◆ Exercise data ◆
════════
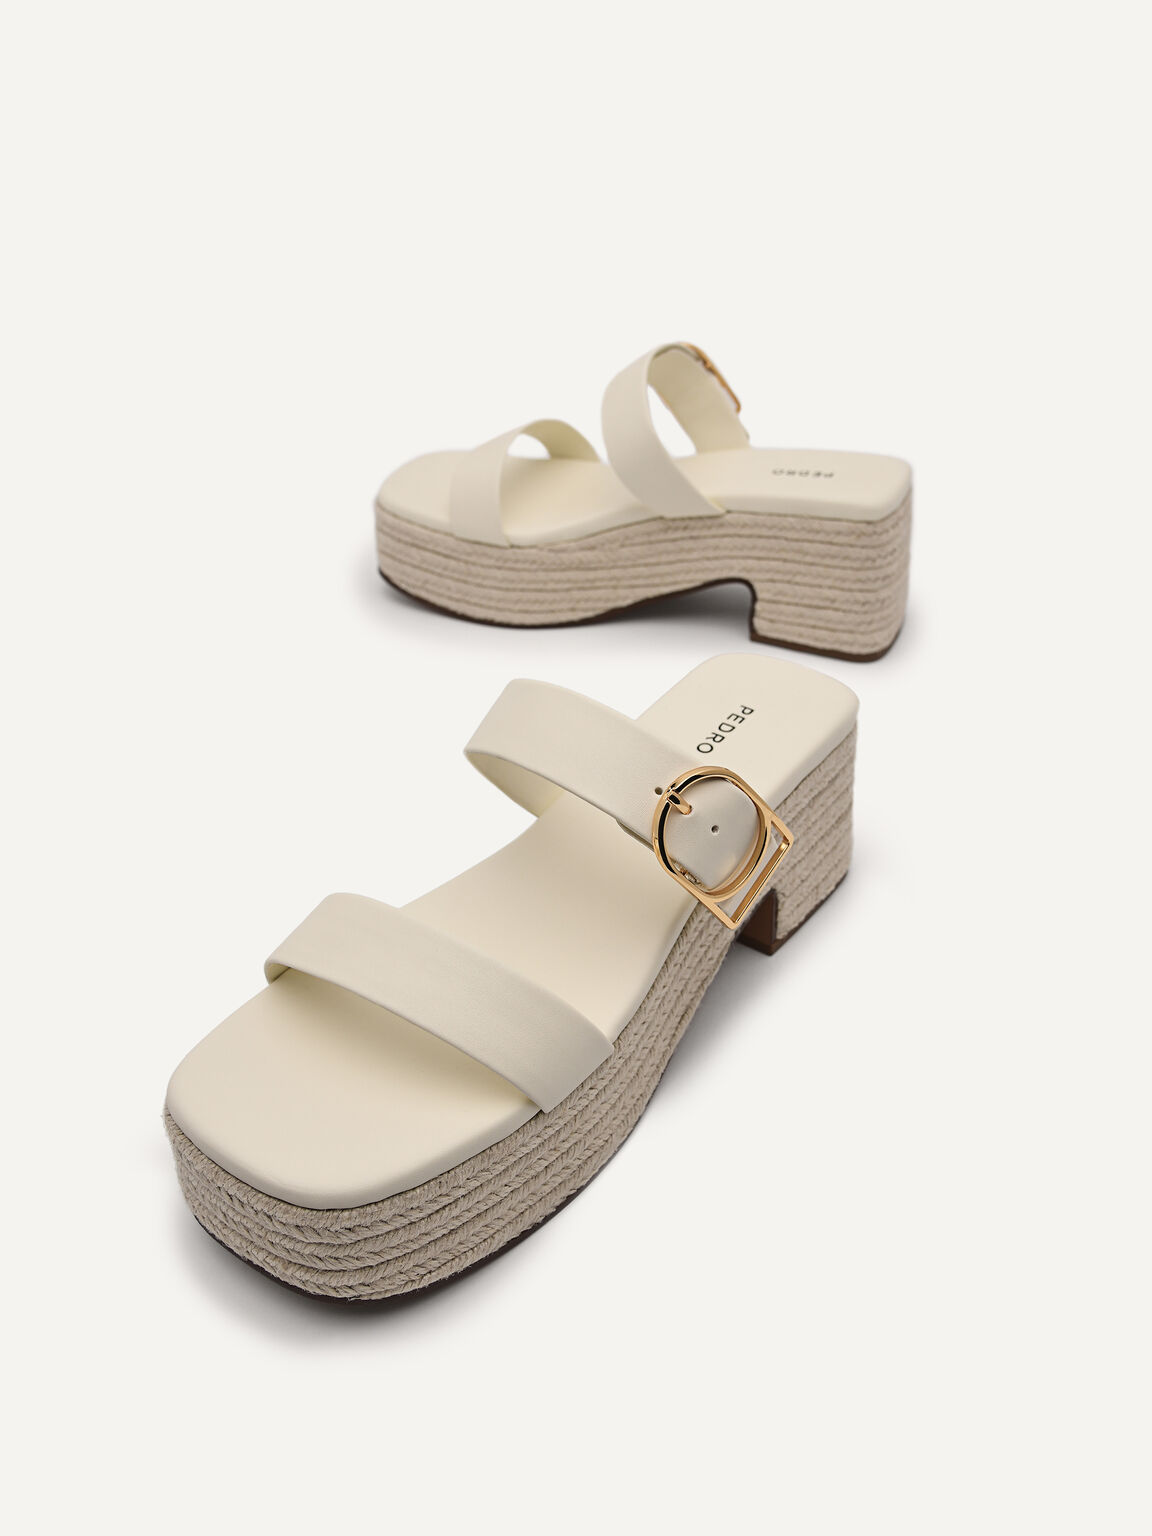 Knox Woven Wedge Sandals, Chalk
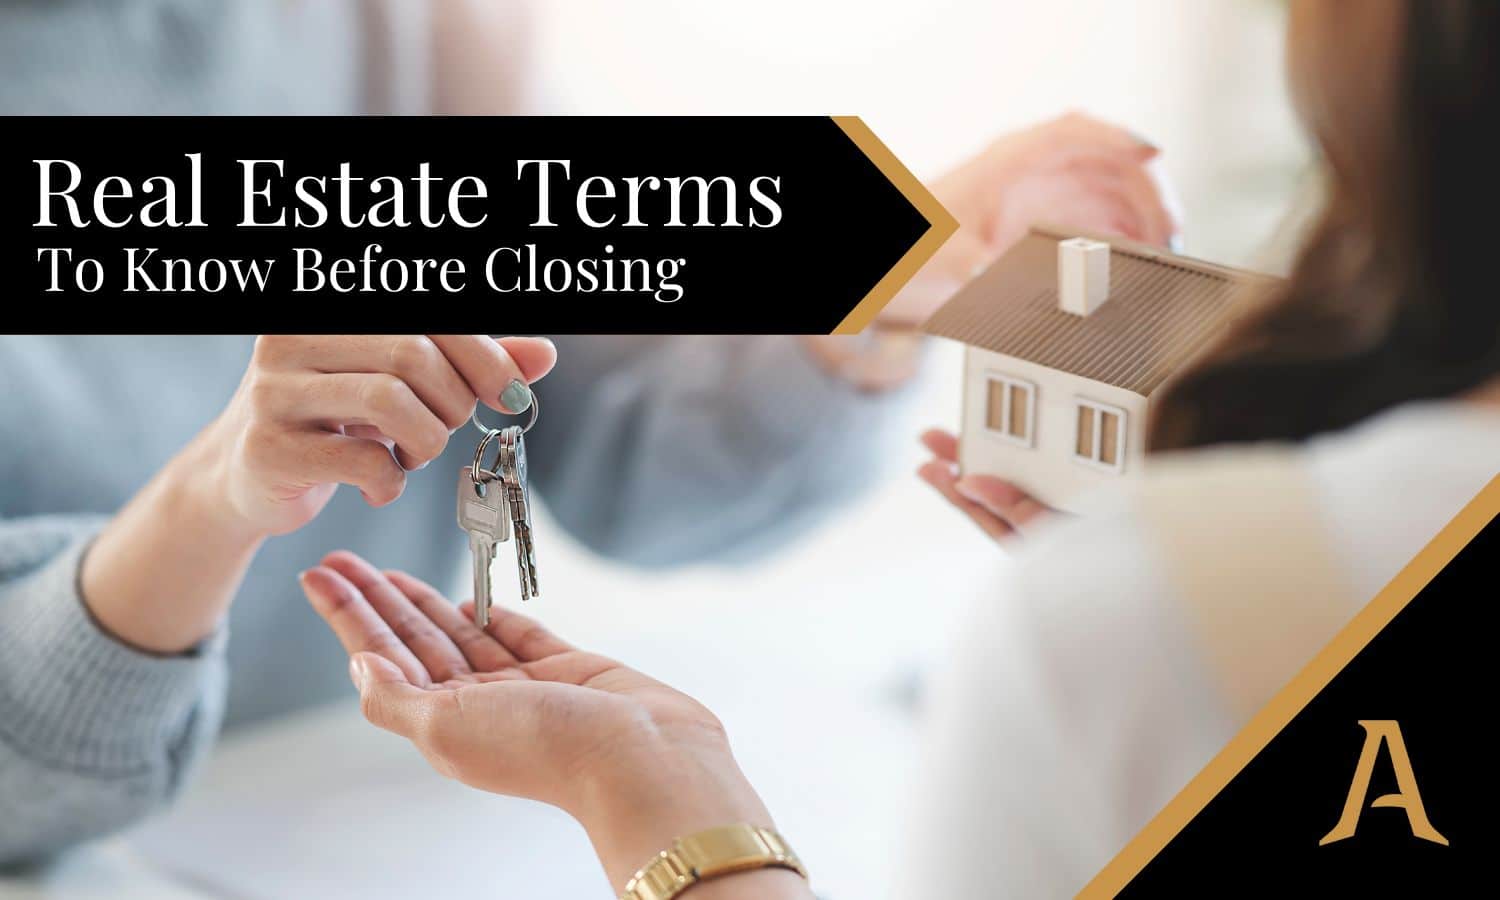 Real Estate Closing Terms to Know
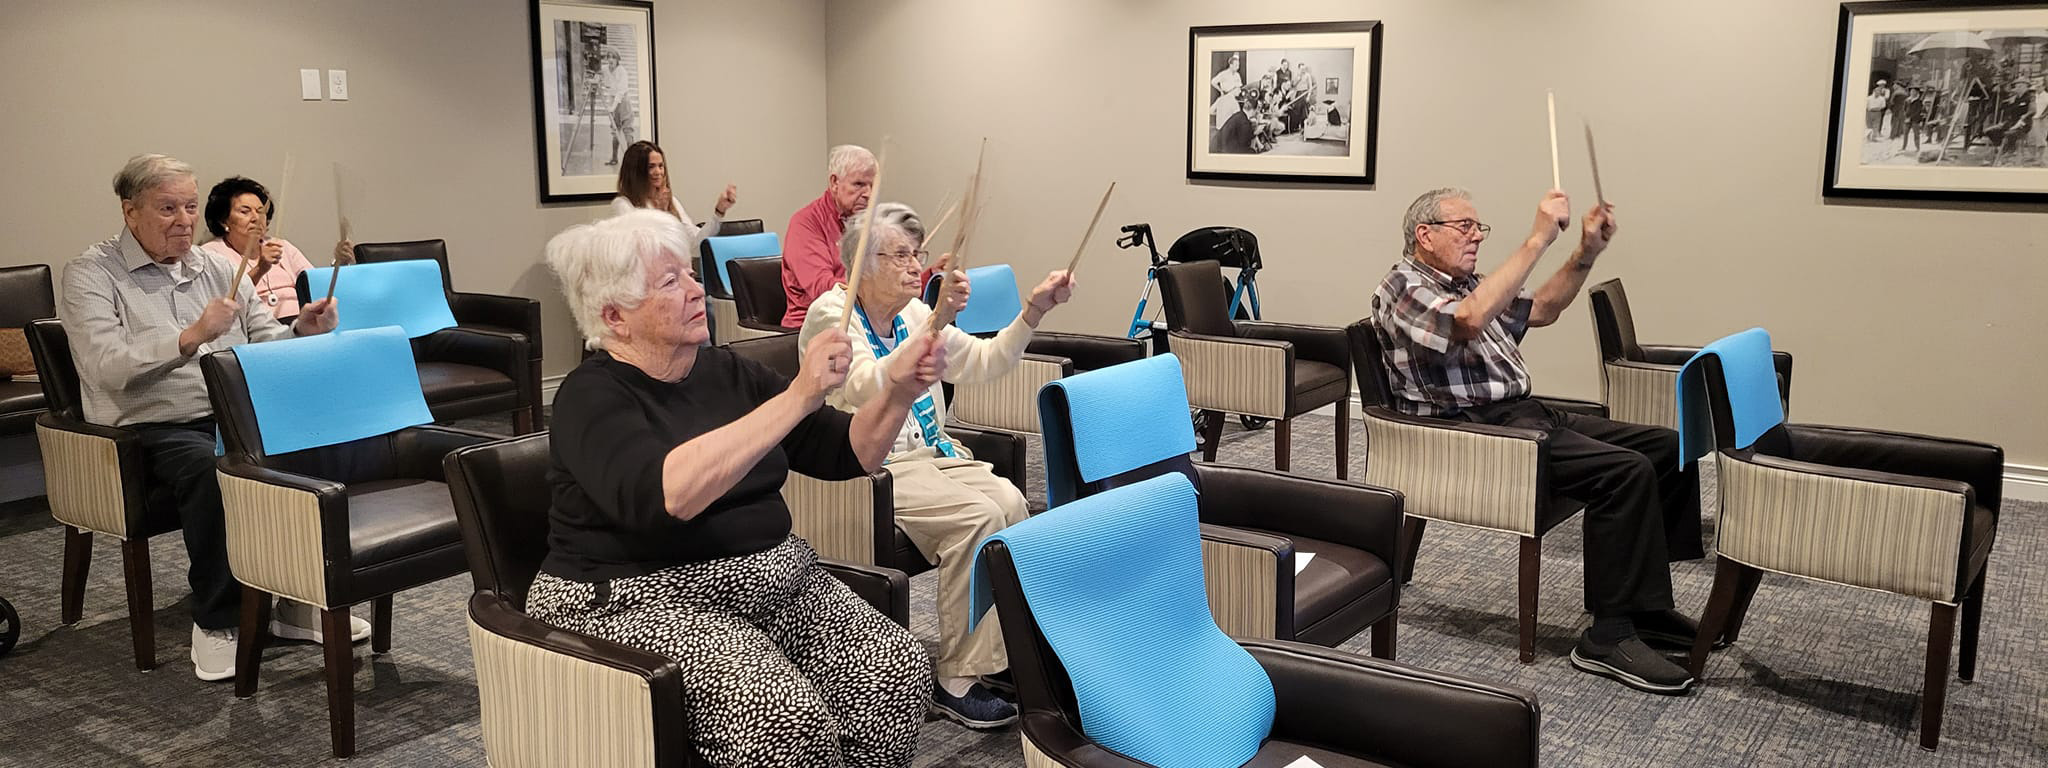 Active seniors participating in a fitness drumming class at Vitalia Westlake Senior Living, arms raised.
════════
◆ Task objective ◆
The whole listing above is to be repeated exactly, apart from its pictures.

◆ Exercise solution ◆
 Knox Woven Wedge Sandals, Chalk
 Real Estate Closing Terms to Know
 Active seniors participating in a fitness drumming class at Vitalia Westlake Senior Living, arms raised.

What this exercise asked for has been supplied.